Aside from its work on CF, Vertex has also been pouring resources on developing treatments for severe sickle cell anemia and beta thalassemia, a rare blood disorder.
In fact, the company has been looking into these developments as the next major revenue stream, as seen in its bolstered collaboration deal with CRISPR Therapeutics (CRSP).
In this deal, Vertex paid the smaller biotechnology company $900 million upfront plus a potential addition of $200 million following the first regulatory approval of their therapy, CTX001.
While this may sound like a hefty deal to some, Vertex actually values CTX001 at roughly $11 billion.
CTX001, which is a one-time therapy, is priced at roughly $1 million per patient. At this point, the market for beta thalassemia is valued at $32 billion.
Needless to say, this would make CTX001 a massive income generator in the next few years.

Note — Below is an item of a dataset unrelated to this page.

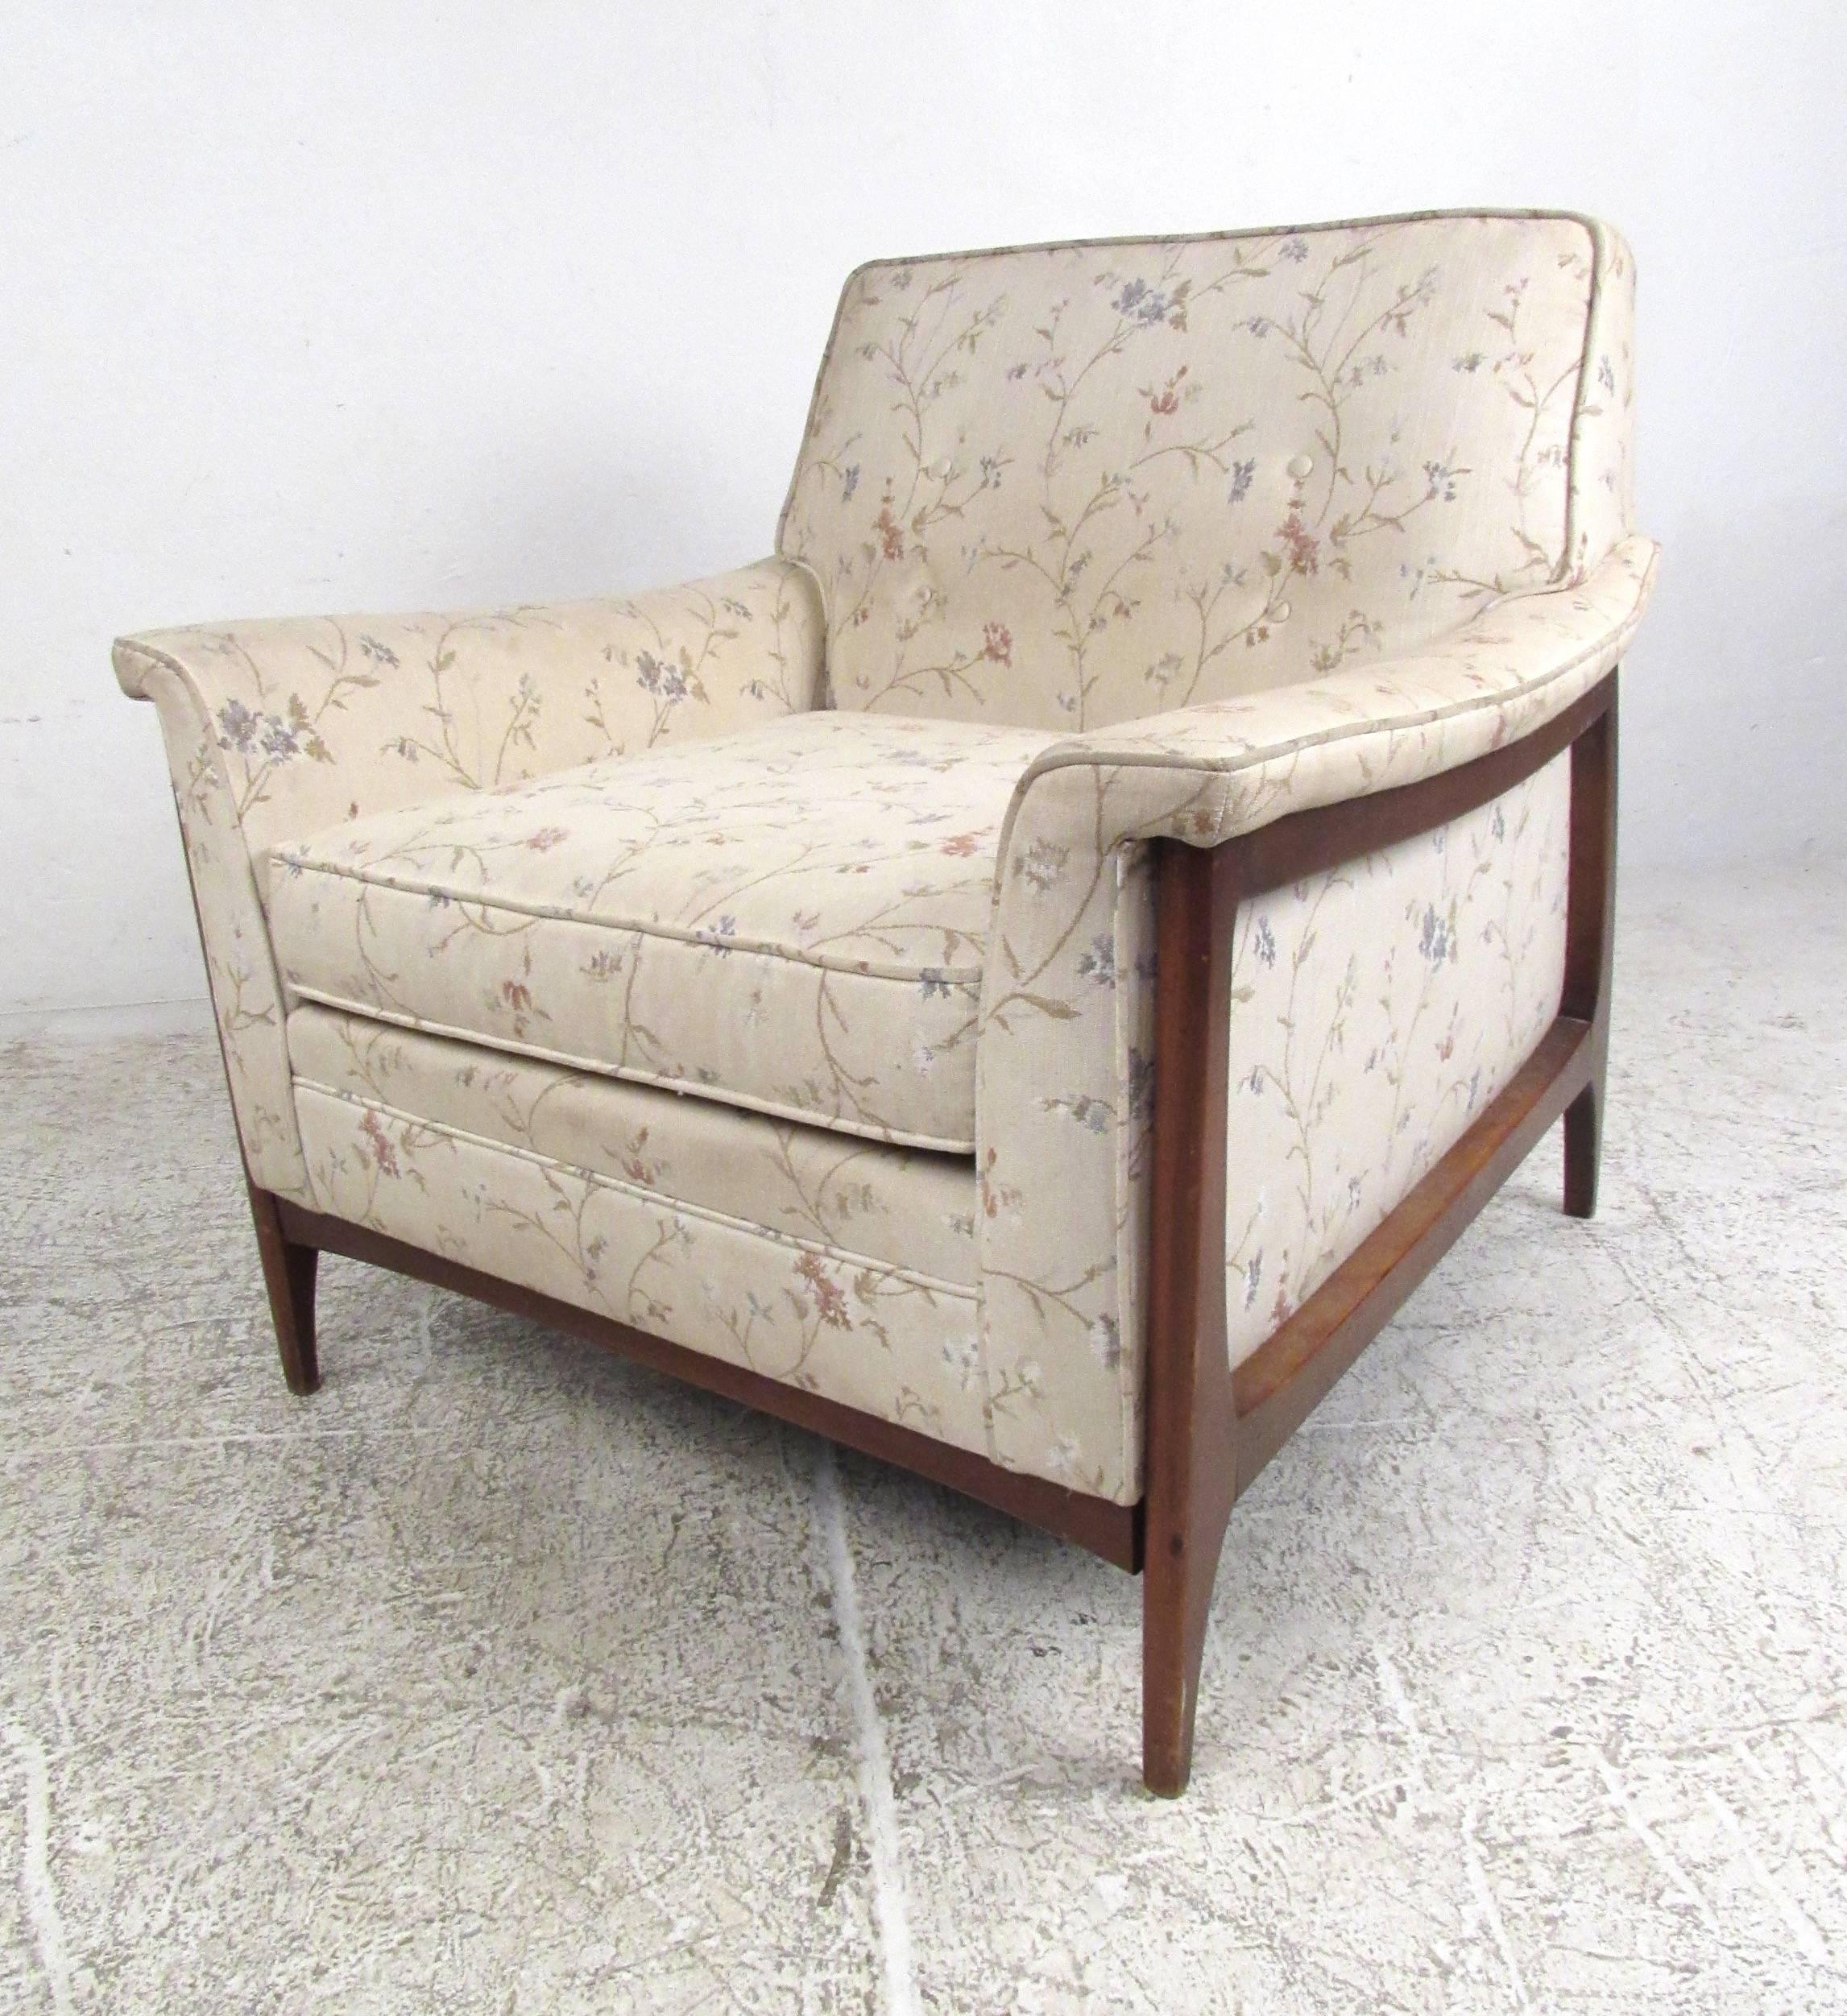 This Mid-Century Modern lounge chair features unique Adrian Pearsall style design. Vintage floral upholstery is wonderfully complimented by the natural walnut finish, while the plush upholstery makes this a comfortable addition to any setting.

Considering the lucrative market for beta thalassemia, though, it’s no surprise that several competitors have emerged to grab their share as well.
Some companies, such as Novartis (NVS) and Acceleron (XLRN), offer maintenance drugs for the disease.
Meanwhile, others like Protagonist Therapeutics (PTGX) and Ionis Pharmaceuticals (IONS) are attempting to develop treatments that would become direct competitors of CTX001.
However, the closest rivals of the Vertex-CRISPR candidate are from Bluebird Bio (BLUE) and Editas Medicine (EDIT).
While this has become a crowded space, Vertex and CRISPR remain the leaders in this segment, as most of the other candidates are still in the investigation phase.
Since it was founded in the 1980s, Vertex has remained true to its vision of tackling some of the toughest diseases out there.
While big pharmaceutical companies, such as AbbVie (ABBV), decided to expand their portfolio through acquisitions, Vertex leveraged its talent pool and maximized its funds by establishing strategic collaborations instead.
This tactic provided the company with enough elbow room that eventually led to its dominance in the CF space, where it now enjoys a virtual monopoly until at least the next decade.
Meanwhile, it has forged strong relationships with promising biotechnology companies and can very well be on its way to becoming the most dominant force in the rare blood disorder segment.
Overall, Vertex Pharmaceuticals is an attractive stock with an impressive portfolio and an even more impressive pipeline.